* YOUR TASK *
Keep the images out while you retype all of the data exactly.

* DATASET CONTENT *
Content starts

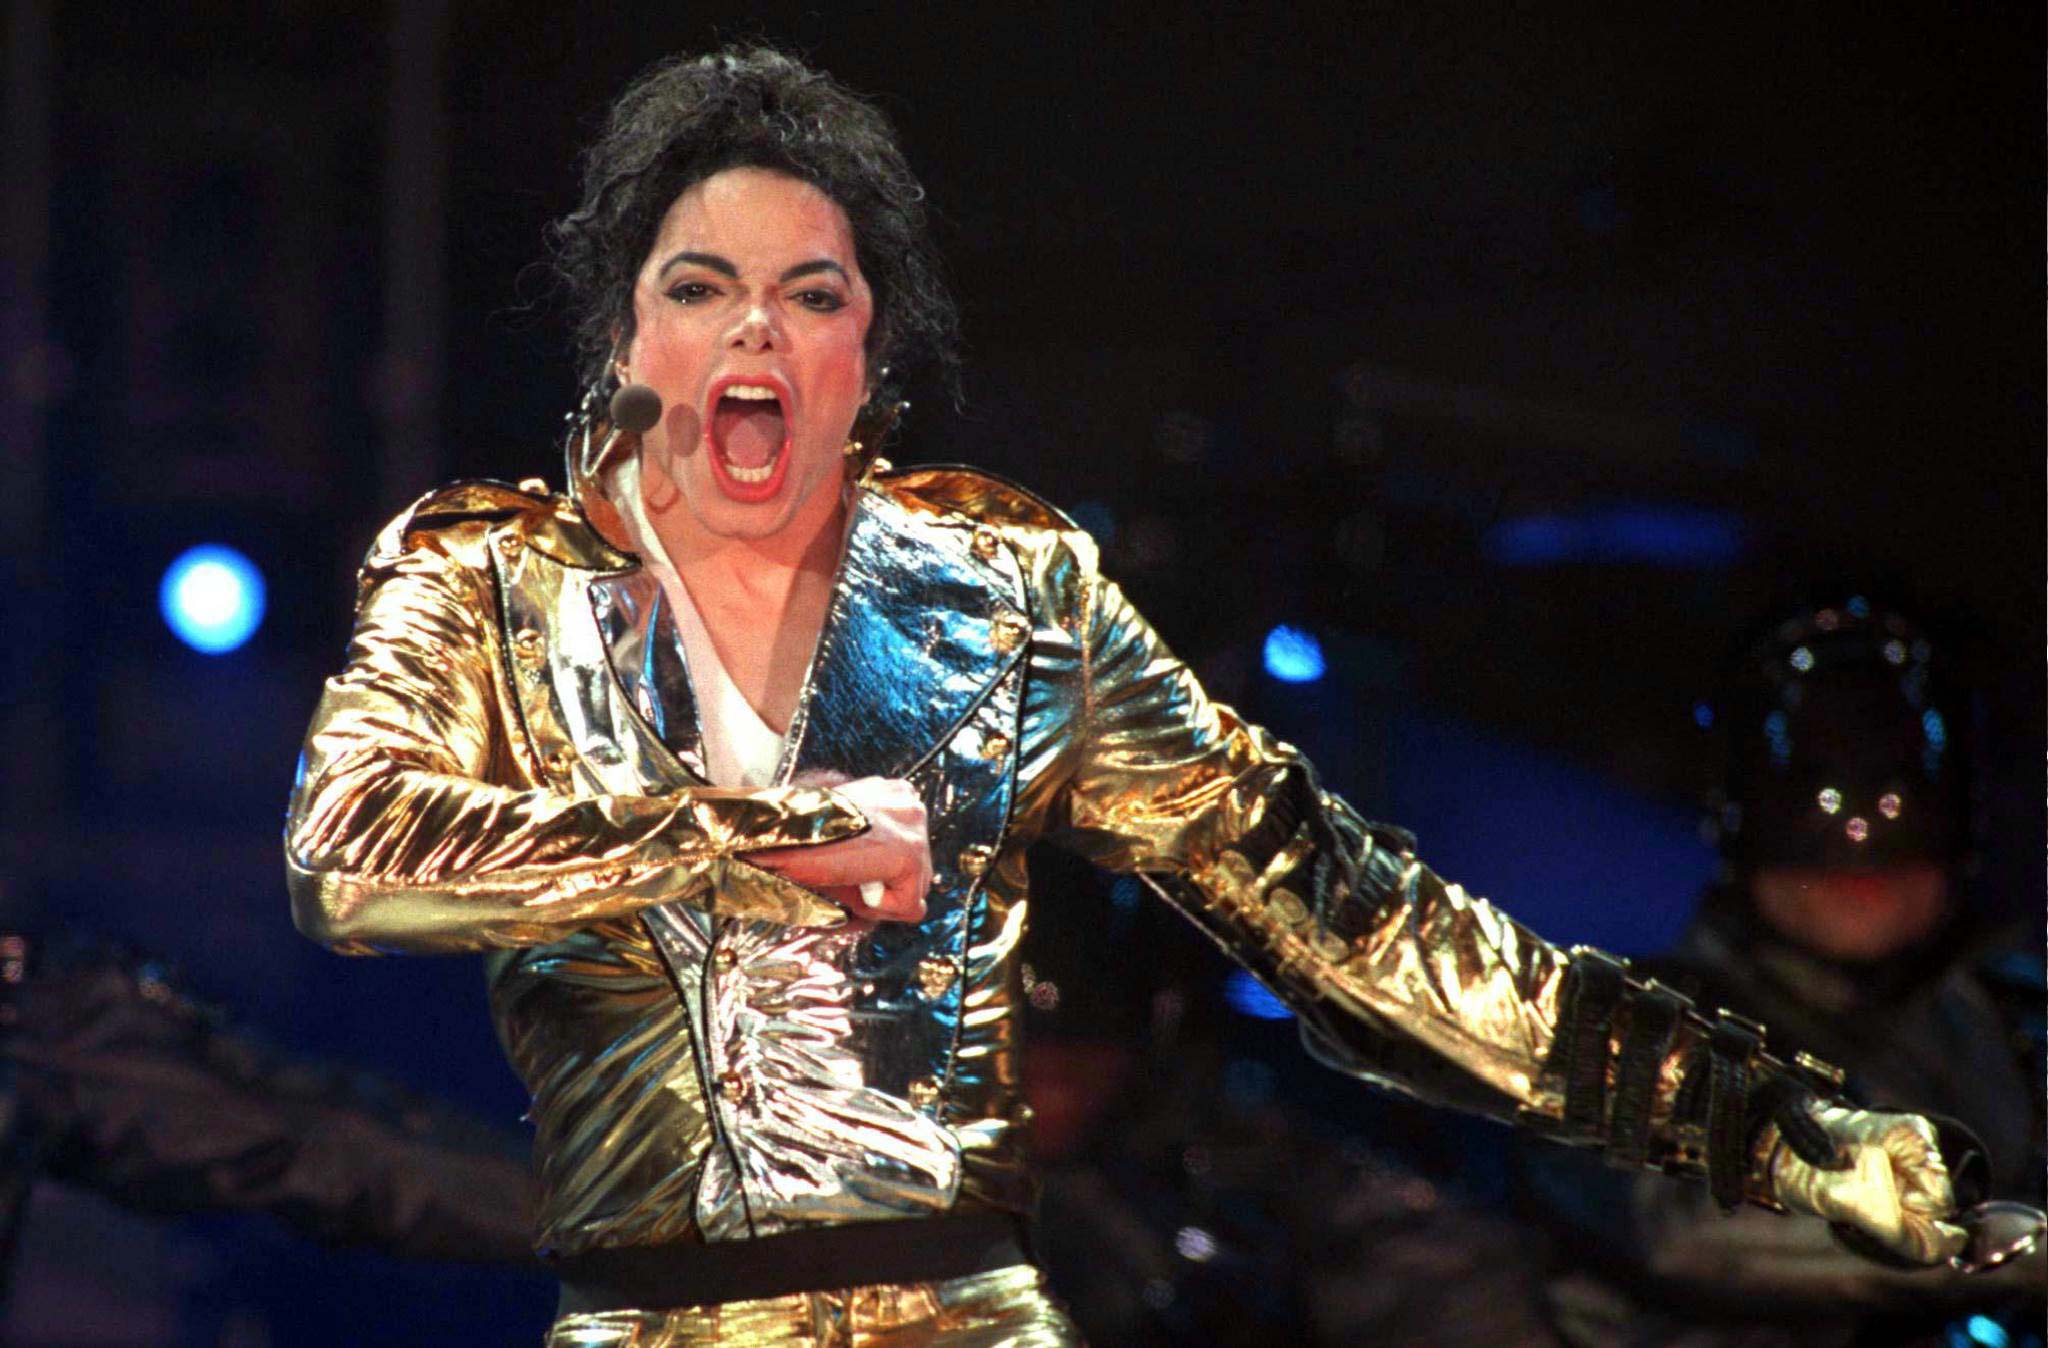 Documental sobre abusos sexuales pone bajo el microscopio el legado de Michael Jackson
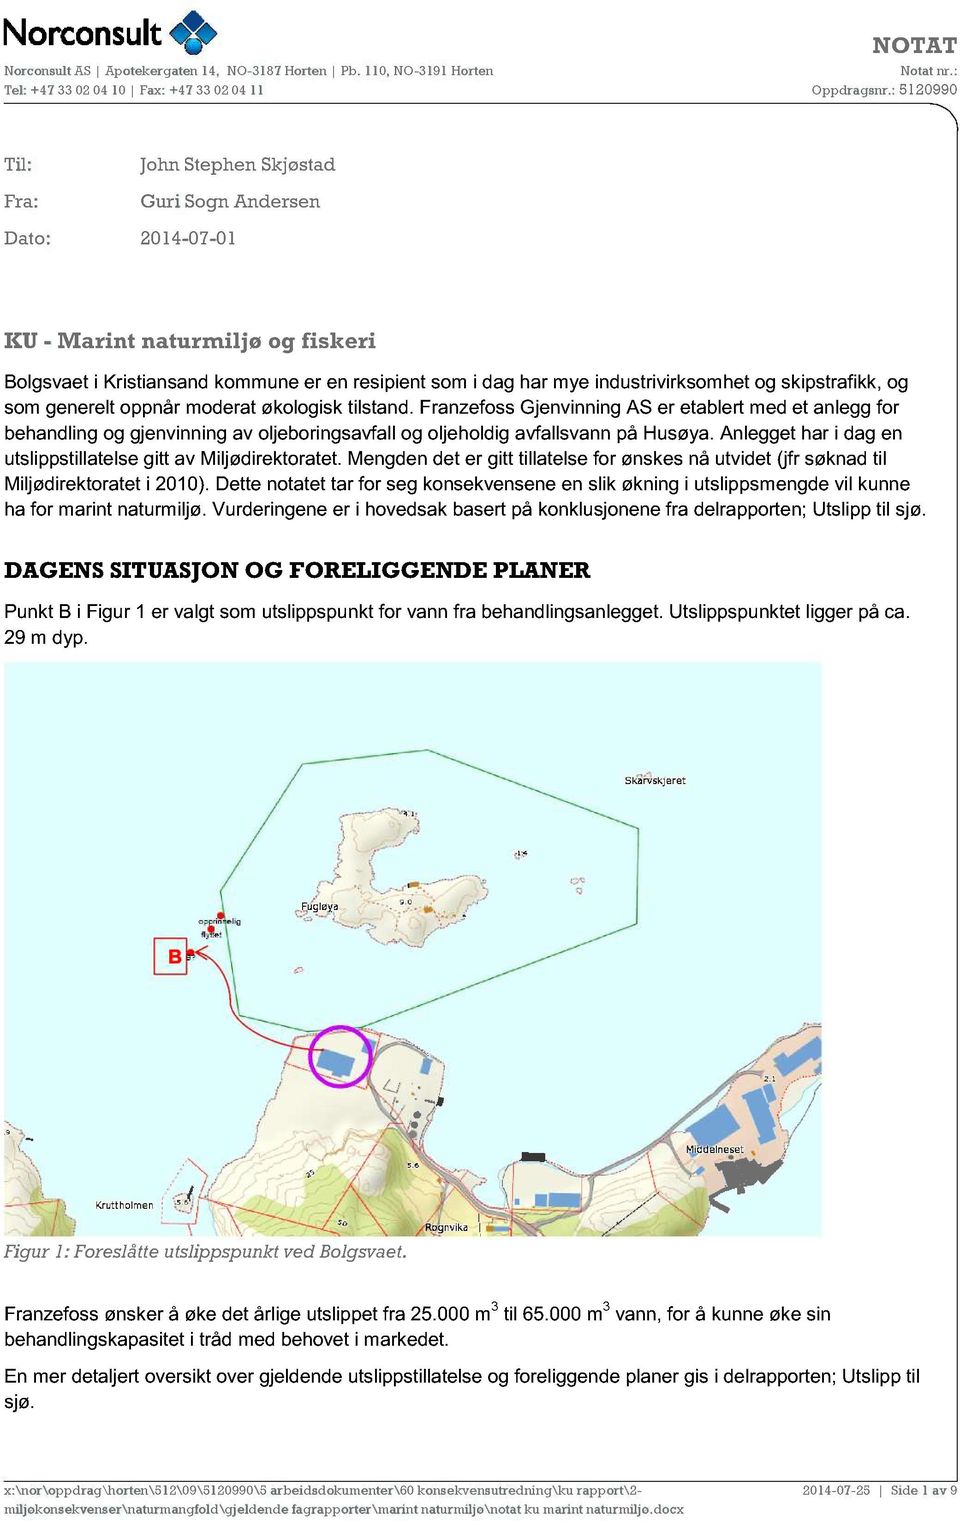 Franzefoss Gjenvinning AS er etablert med et anlegg for behandling og gjenvinning av oljeboringsavfall og oljeholdig avfallsvann på Husøya.
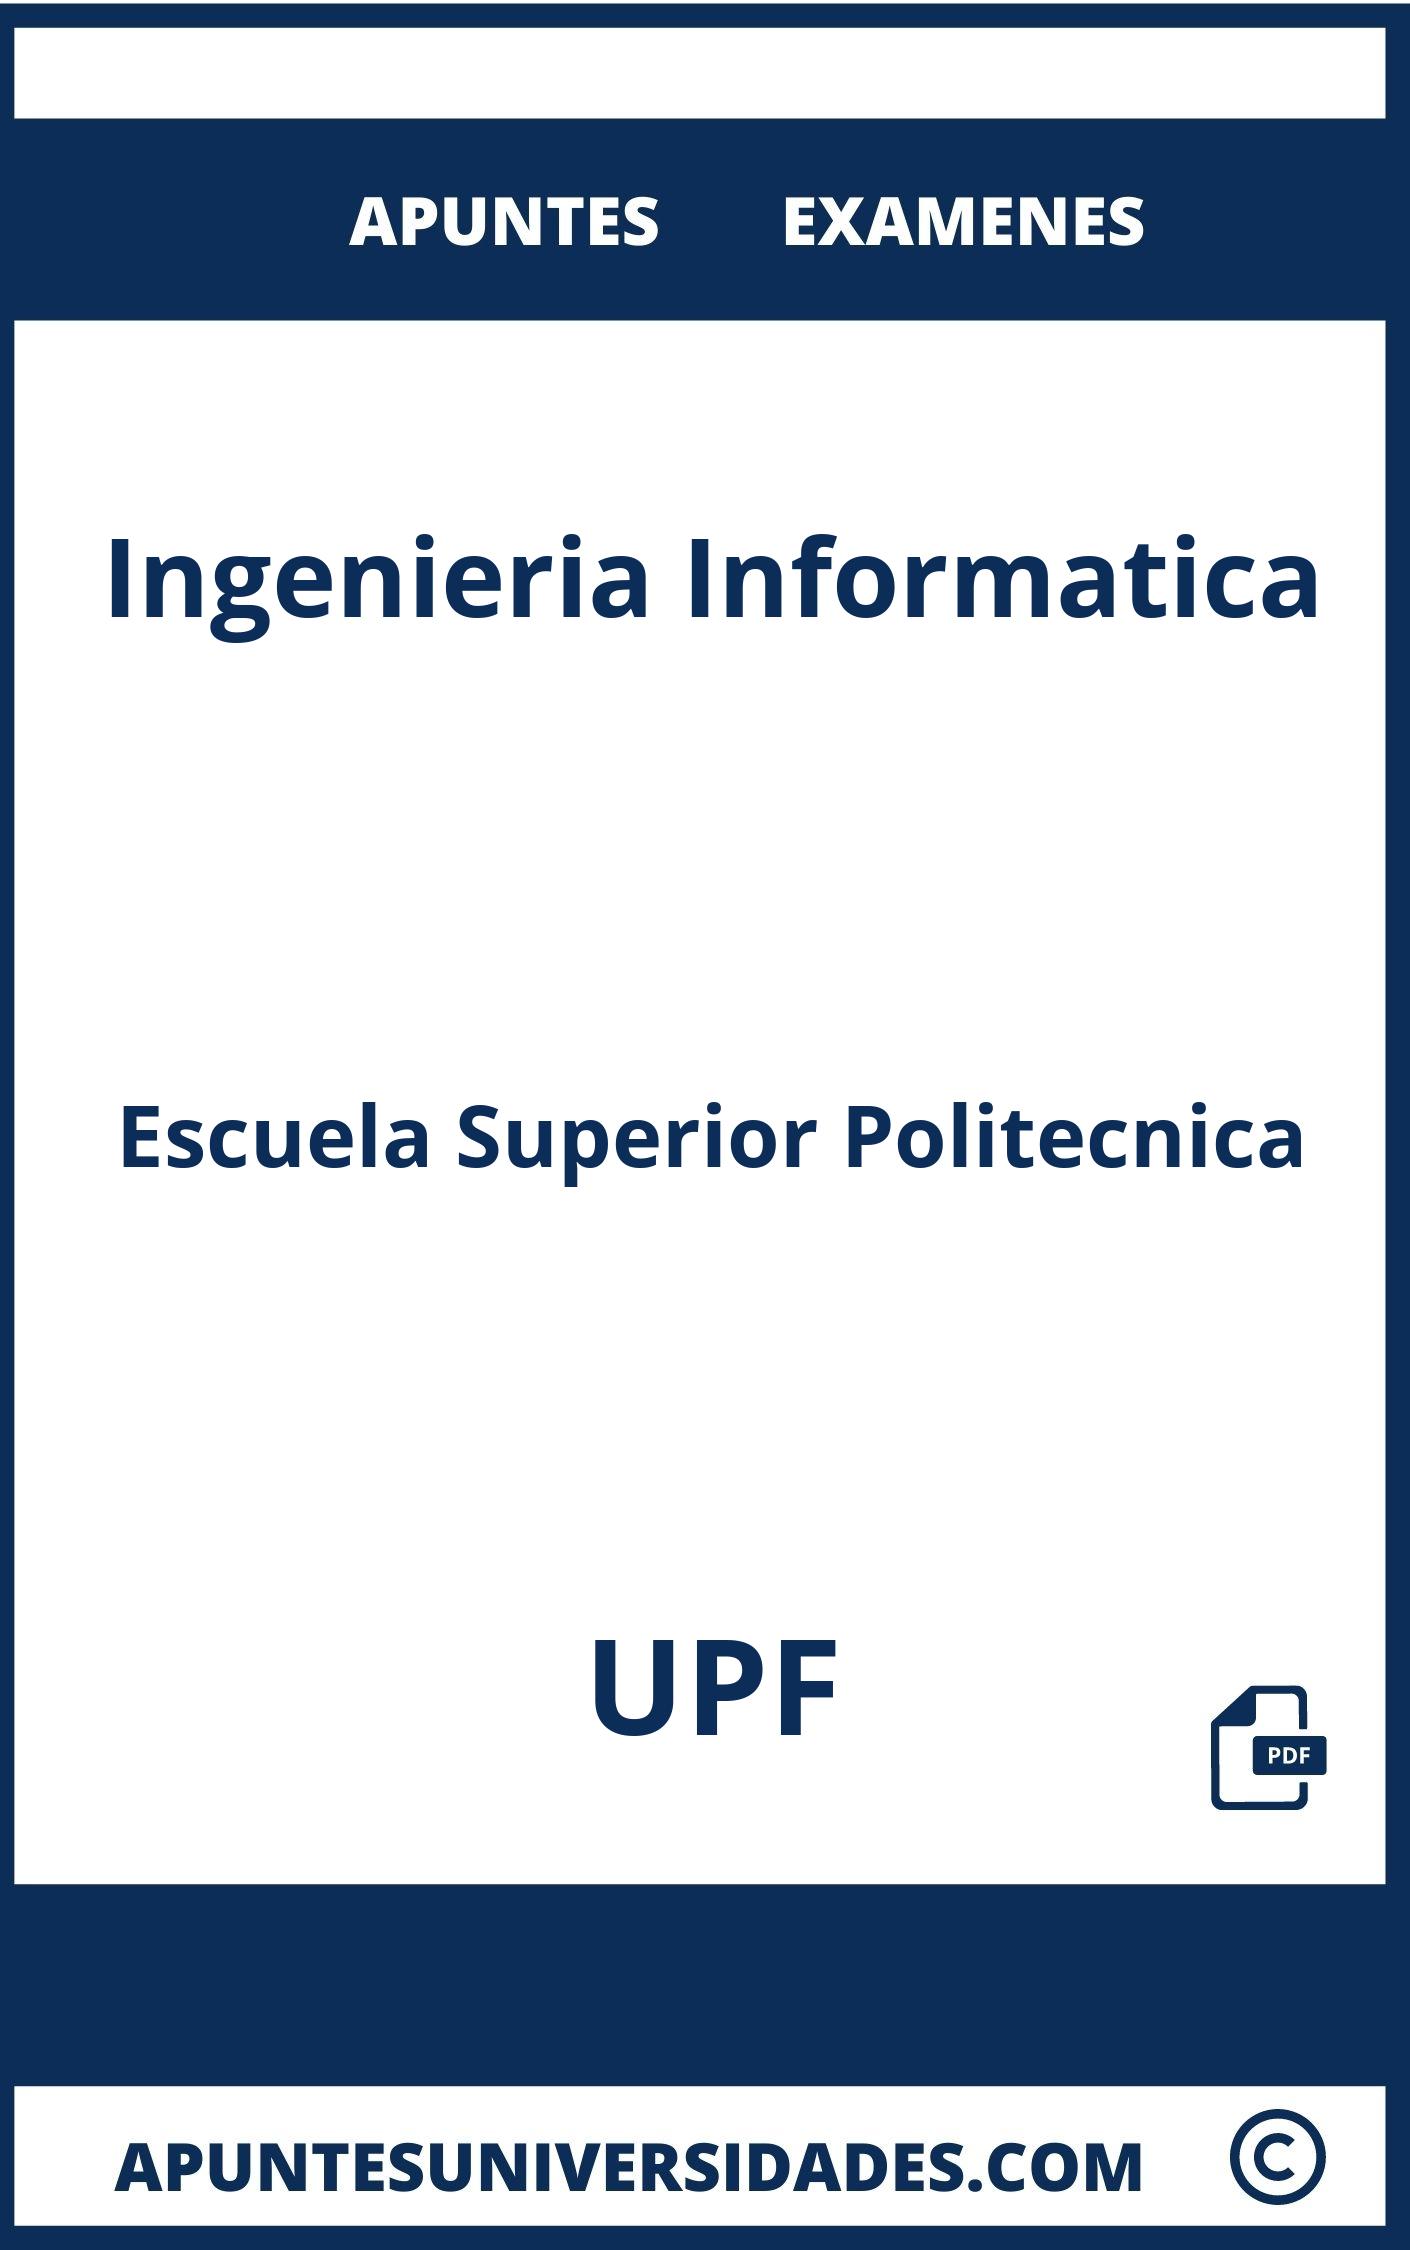 Apuntes Ingenieria Informatica UPF y Examenes

Content ends

* SOLUTION FOR THIS EXERCISE *
 Documental sobre abusos sexuales pone bajo el microscopio el legado de Michael Jackson
 Franzefoss Gjenvinning AS er etablert med et anlegg for behandling og gjenvinning av oljeboringsavfall og oljeholdig avfallsvann på Husøya.
 Apuntes Ingenieria Informatica UPF y Examenes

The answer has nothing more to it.